Given a raw bytes sequence, return the best possibles charset usable to render str objects. If there is no results, it is a strong indicator that the source is binary/not text. By default, the process will extract 5 blocks of 512o each to assess the mess and coherence of a given sequence. And will give up a particular code page after 20% of measured mess. Those criteria are customizable at will.

The preemptive behavior DOES NOT replace the traditional detection workflow, it prioritize a particular code page but never take it for granted. Can improve the performance.

You may want to focus your attention to some code page or/and not others, use cp_isolation and cp_exclusion for that purpose.

This function will strip the SIG in the payload/sequence every time except on UTF-16, UTF-32. By default the library does not setup any handler other than the NullHandler, if you choose to set the ‘explain’ toggle to True it will alter the logger configuration to add a StreamHandler that is suitable for debugging. Custom logging format and handler can be set manually.

charset_normalizer.from_fp(fp: BinaryIO, steps: int = 5, chunk_size: int = 512, threshold: float = 0.2, cp_isolation: List[str] | None = None, cp_exclusion: List[str] | None = None, preemptive_behaviour: bool = True, explain: bool = False, language_threshold: float = 0.1, enable_fallback: bool = True) → CharsetMatches[source]#: Same thing than the function from_bytes but using a file pointer that is already ready. Will not close the file pointer.

charset_normalizer.from_path(path: str | bytes | PathLike, steps: int = 5, chunk_size: int = 512, threshold: float = 0.2, cp_isolation: List[str] | None = None, cp_exclusion: List[str] | None = None, preemptive_behaviour: bool = True, explain: bool = False, language_threshold: float = 0.1, enable_fallback: bool = True) → CharsetMatches[source]#: Same thing than the function from_bytes but with one extra step. Opening and reading given file path in binary mode. Can raise IOError.

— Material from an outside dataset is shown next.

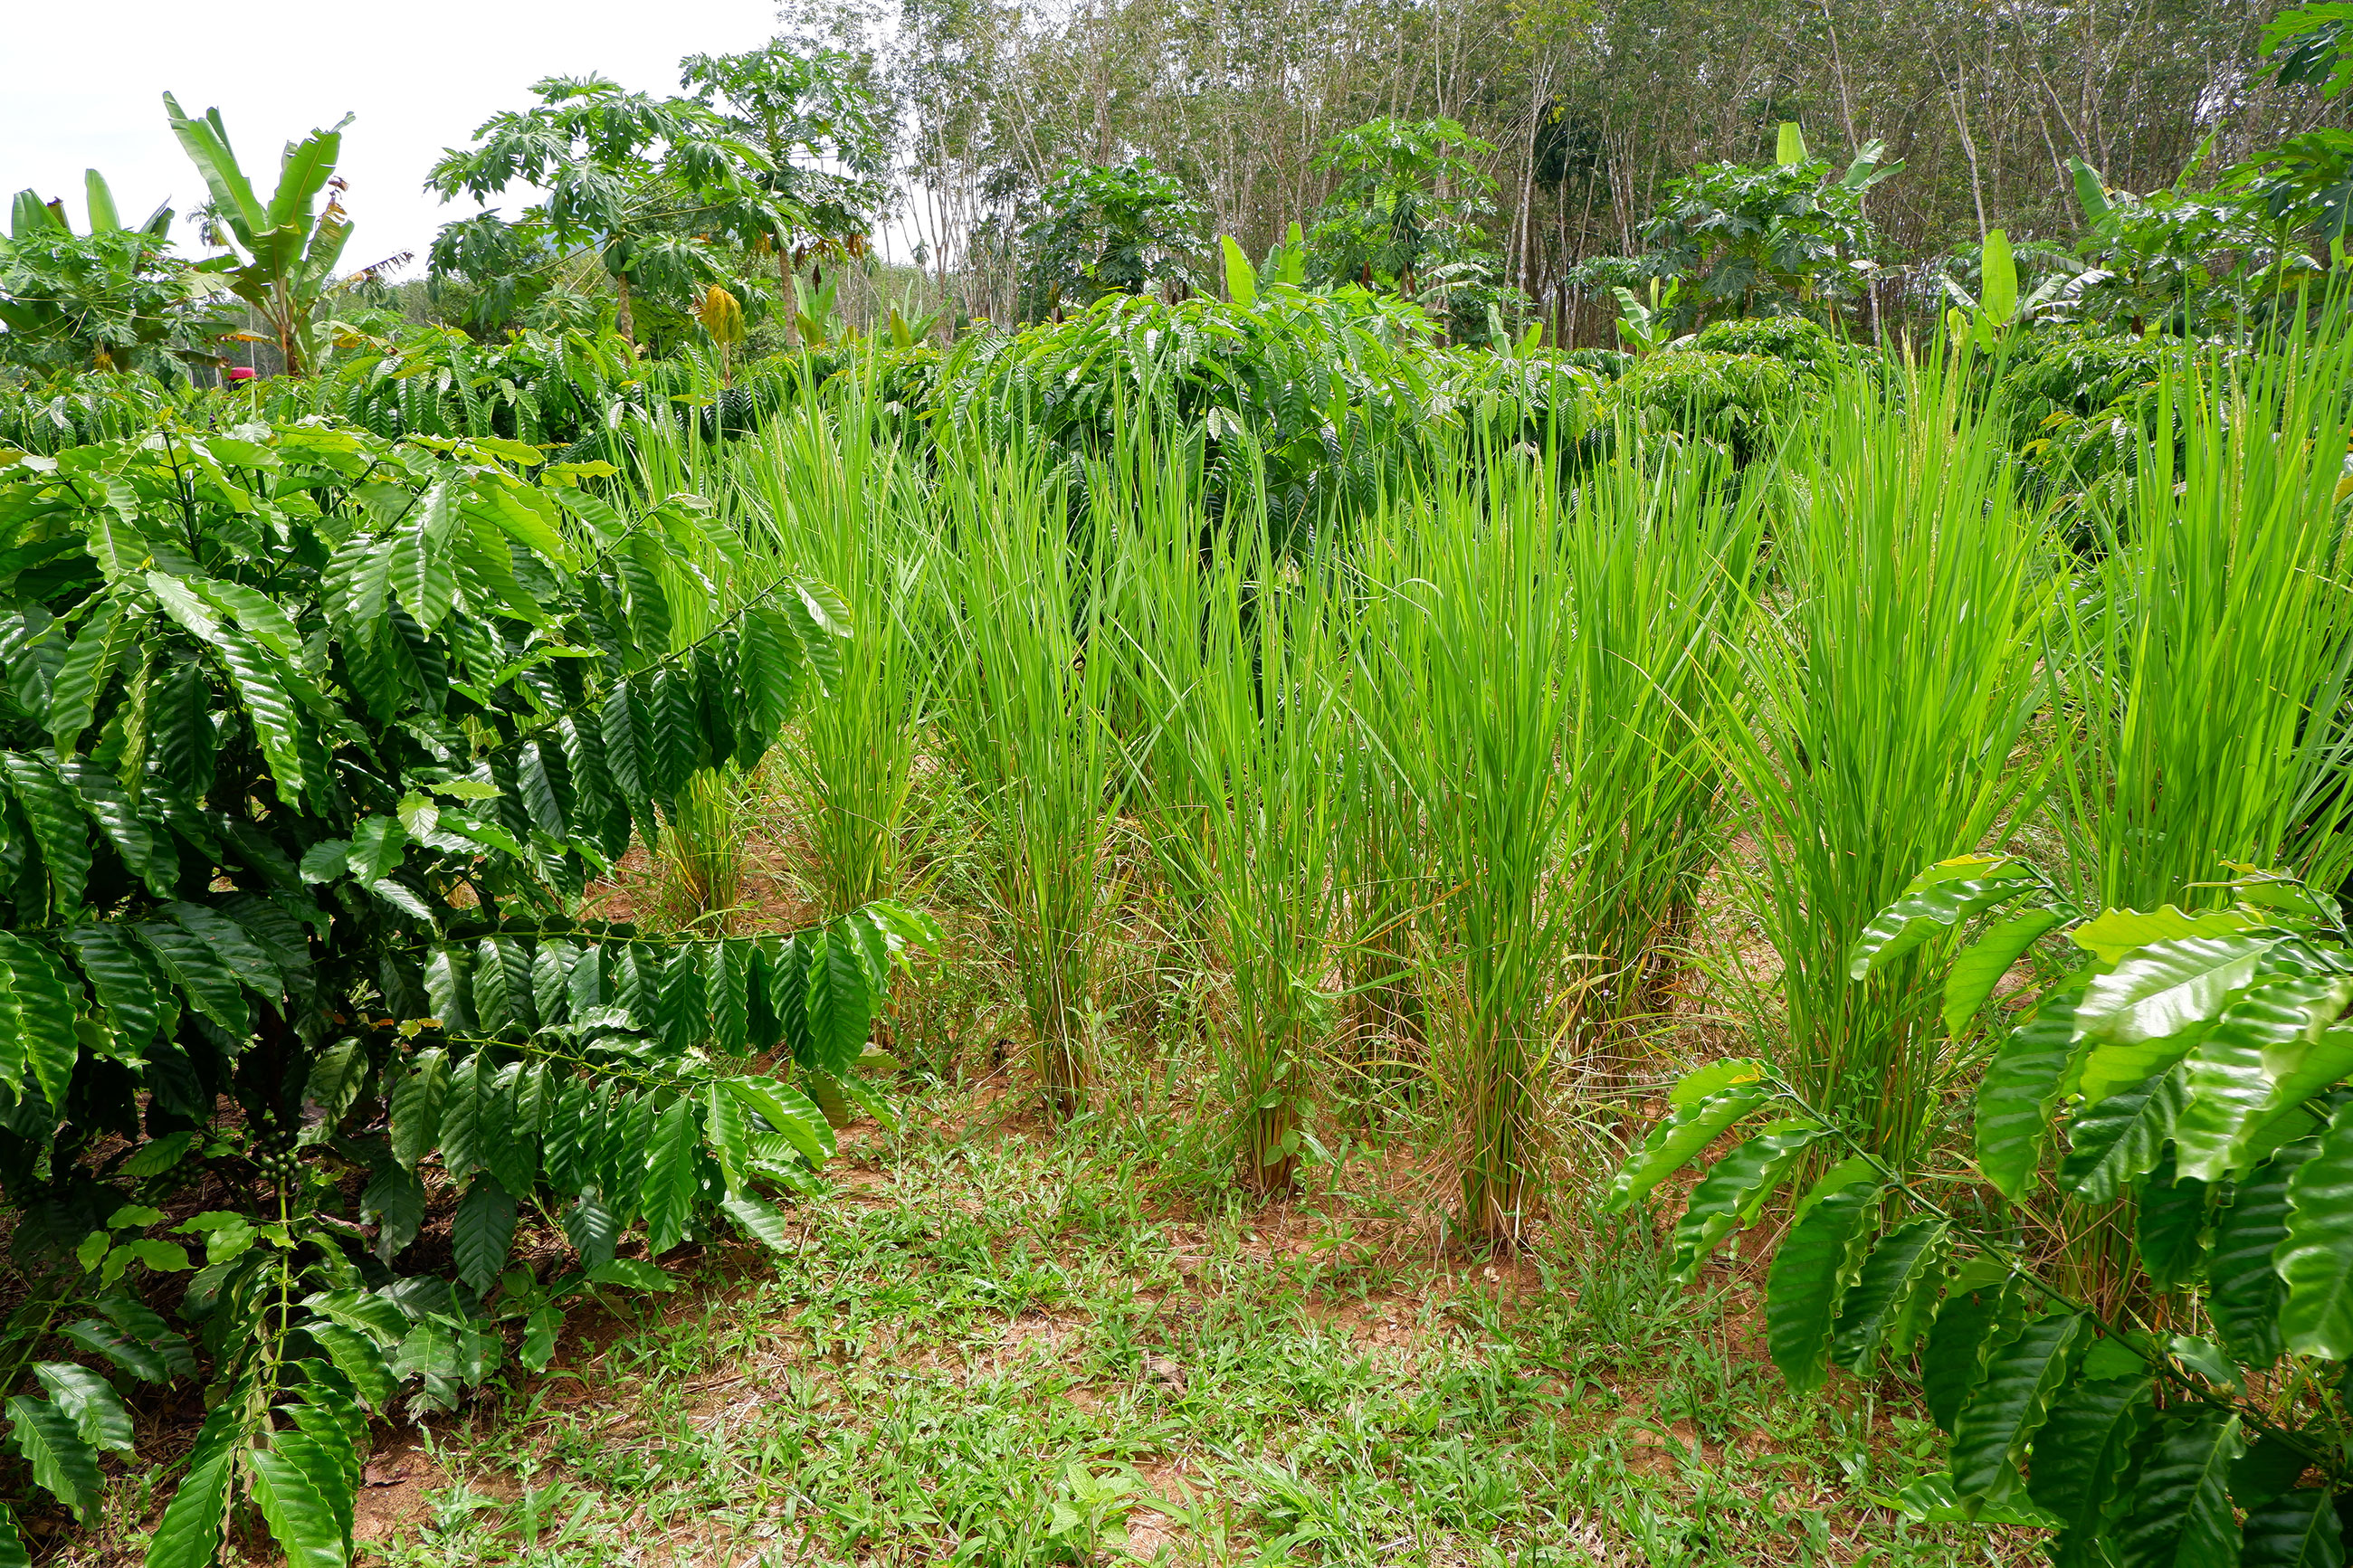 The demonstration plot of Ms. Kan Raksanit at Chai Rat, Bang Saphan Noi District, Prachuap Khiri Khan province, that grows Robusta coffee with upland rice, banana, papaya, and other cash crops (แปลงสาธิตของคุณก้าน รักสนิท ที่ ต.ไชยราช อ.บางสะพานน้อย จ.ประจวบคีรีขันธ์ ที่มีการปลูกพืชกาแฟโรบัสต้าร่วมกับพืชชนิดอื่น เช่น ข้าวไร่ กล้วย มะละกอ)

charset_normalizer.is_binary(fp_or_path_or_payload: PathLike | str | BinaryIO | bytes, steps: int = 5, chunk_size: int = 512, threshold: float = 0.2, cp_isolation: List[str] | None = None, cp_exclusion: List[str] | None = None, preemptive_behaviour: bool = True, explain: bool = False, language_threshold: float = 0.1, enable_fallback: bool = False) → bool[source]#: Detect if the given input (file, bytes, or path) points to a binary file. aka. not a string. Based on the same main heuristic algorithms and default kwargs at the sole exception that fallbacks match are disabled to be stricter around ASCII-compatible but unlikely to be a string.

class charset_normalizer.models.CharsetMatches(results: List[CharsetMatch] | None = None)[source]#

Container with every CharsetMatch items ordered by default from most probable to the less one. Act like a list(iterable) but does not implements all related methods.

append(item: CharsetMatch) → None[source]#: Insert a single match. Will be inserted accordingly to preserve sort. Can be inserted as a submatch.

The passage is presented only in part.